My marriage – the real thing – was nothing like what I’d imagined all those many months ago. It had almost been a year now since I had that conversation with my big brother. He would be so disappointed in me. My marriage was only a piece of paper signed by two people. There were no rings exchanged. No kisses to seal the deal. We only had the one picture of Joker’s hand and part of my silhouette. He had put his hand up to keep anyone from taking wedding pictures for us. Ever had snuck that one in on my phone, but honestly you couldn’t even see either of our faces in it. Then there was the other picture taken on our wedding night. The one that showed in vivid detail that one of us also did not get to indulge in the consummation part of the wedding night. Considering that was the case, I could probably have the marriage annulled like it never happened. It was something to think about.
I never would have guessed I would be turning 18 all alone with a baby in my belly and a divorce on the way. So much for all my dreams I wrote about in this stupid diary. My brother was right. Reality didn’t meet my expectations. It killed them, along with the dreams I’d had for my future.

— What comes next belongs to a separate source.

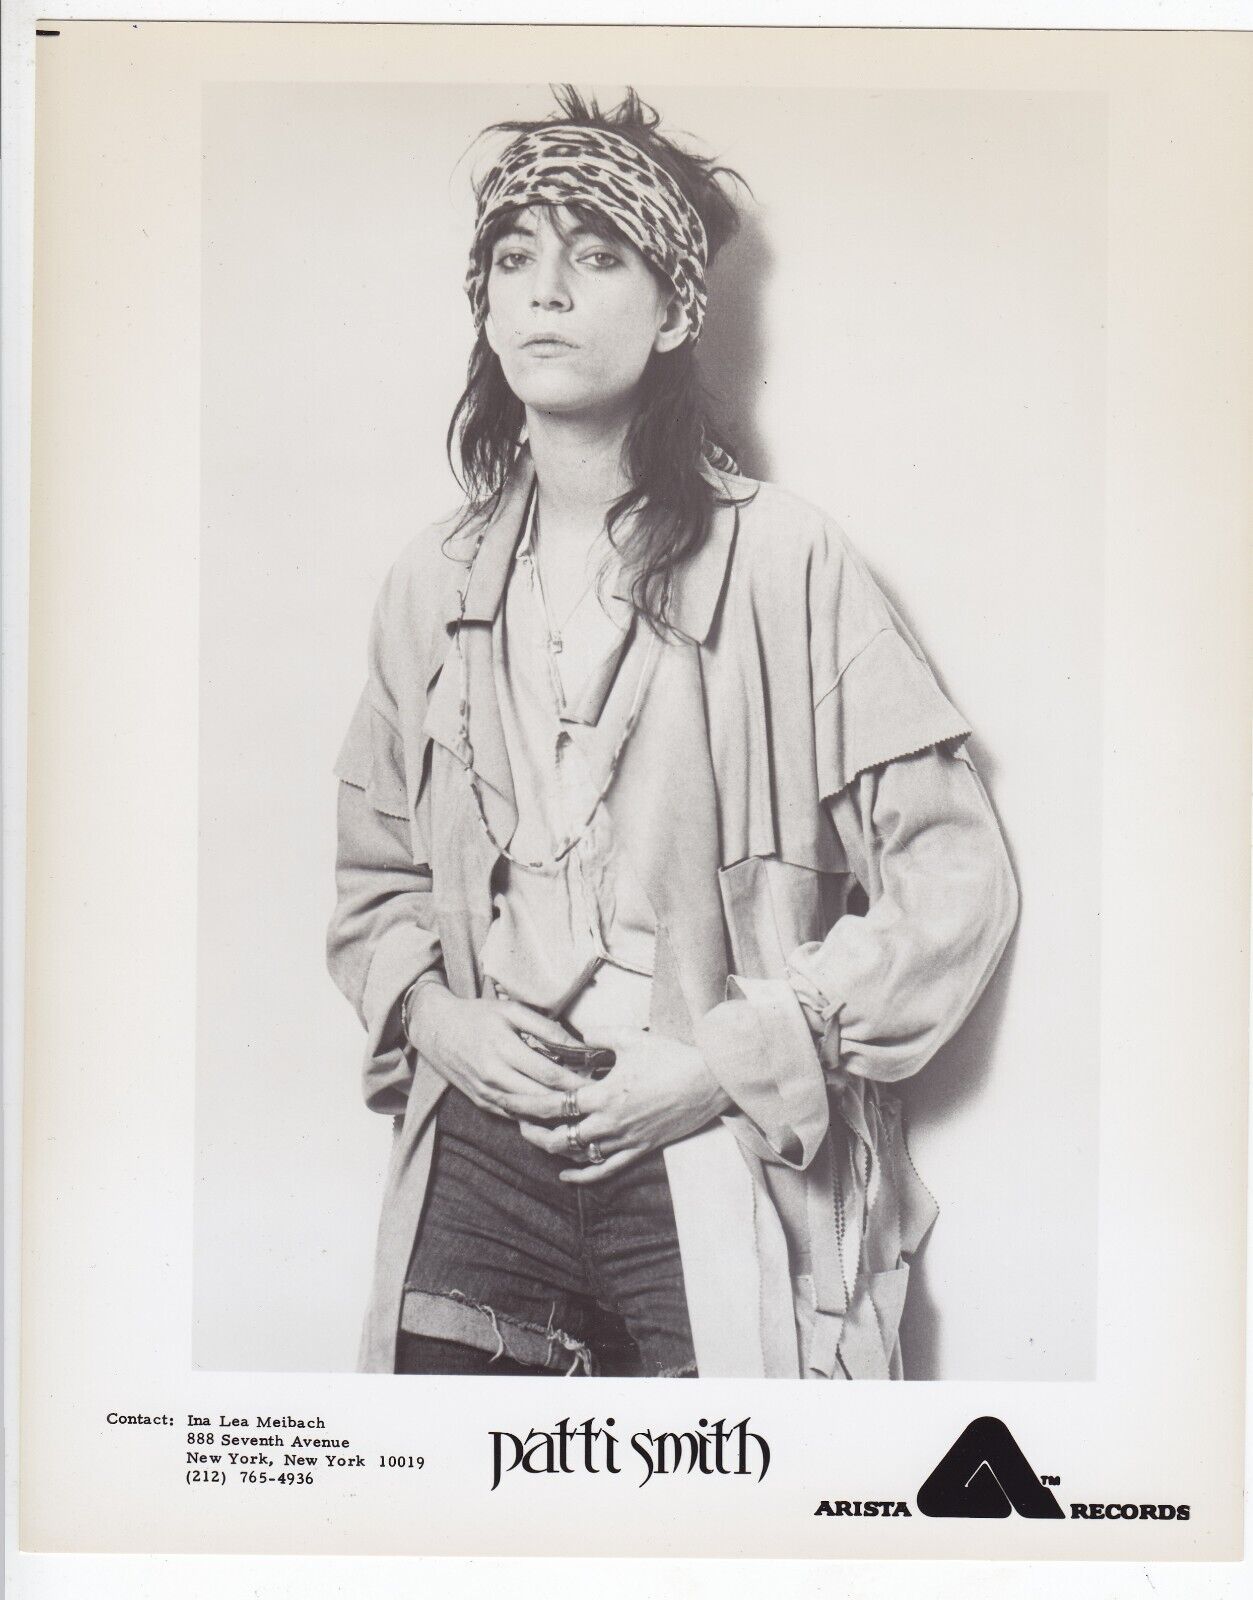 1978 Press Photo Punk Rock Singer Patti Smith Poses for a Record Album
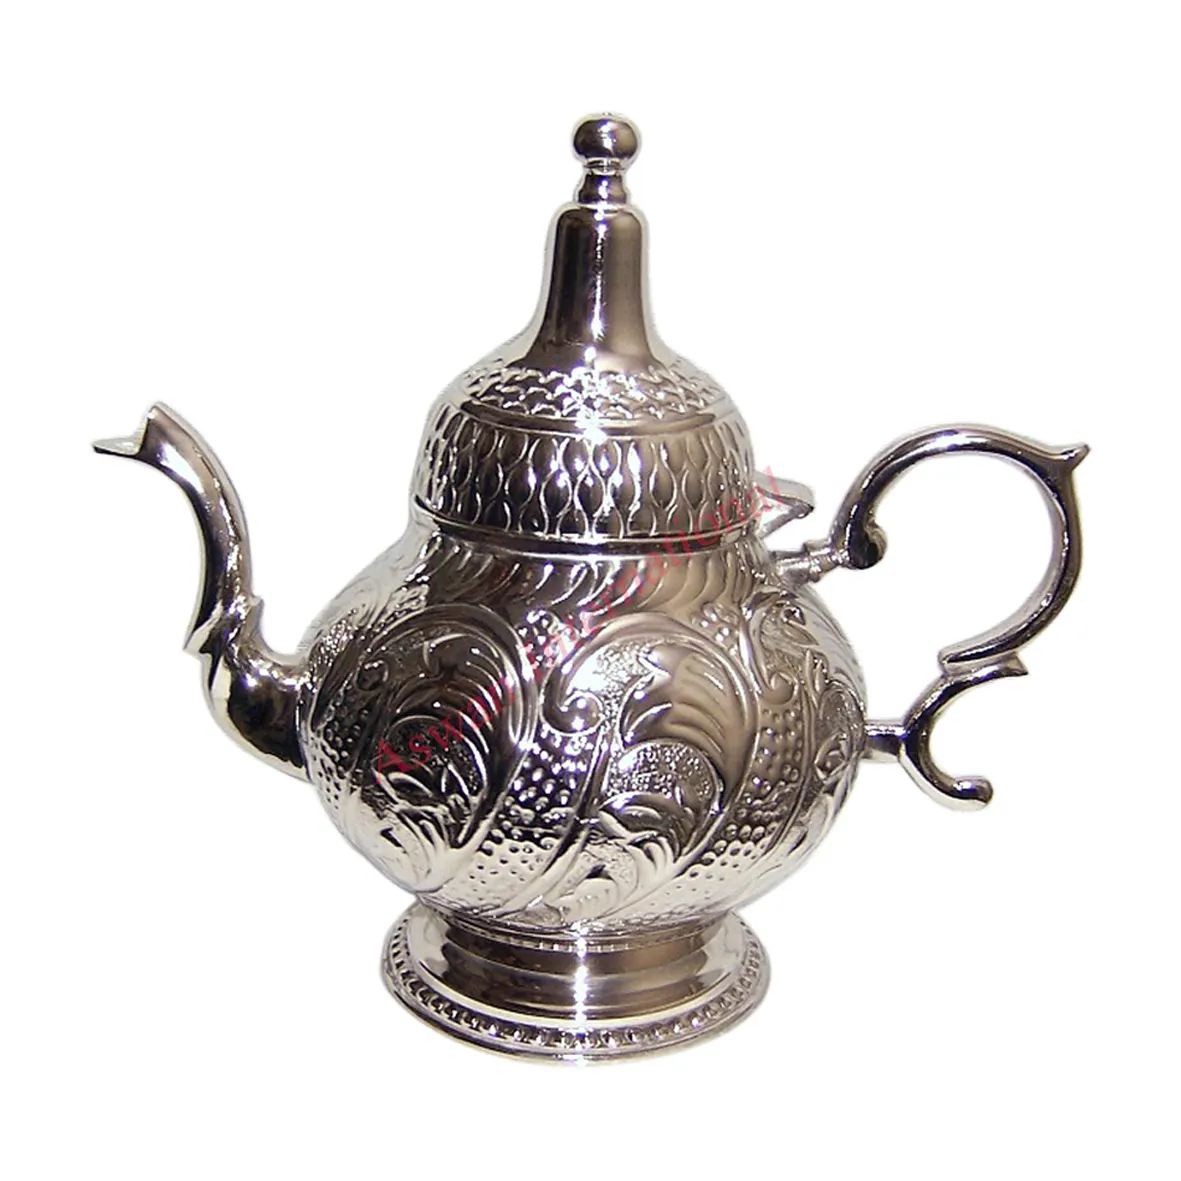 النحاس العربية Dallah الشاي إبريق قهوة ممتازة جودة اليدوية يتوهم الزخرفية الكلاسيكية التقليدية المطبخ و منضدية

I must have fallen asleep rereading the words in my diary, because when I woke, my cheek rested on the open page and there was a telling wetness to the paper. I’d like to say it was from tears that had leaked from my eyes at the loss of my dreams, but I was pretty sure my tear ducts were all dried out at this point. Instead, I had to be embarrassed because it was definitely drool marking my paper, and the reason I had been startled awake was standing in front of me smiling at the sight I made. Ugh.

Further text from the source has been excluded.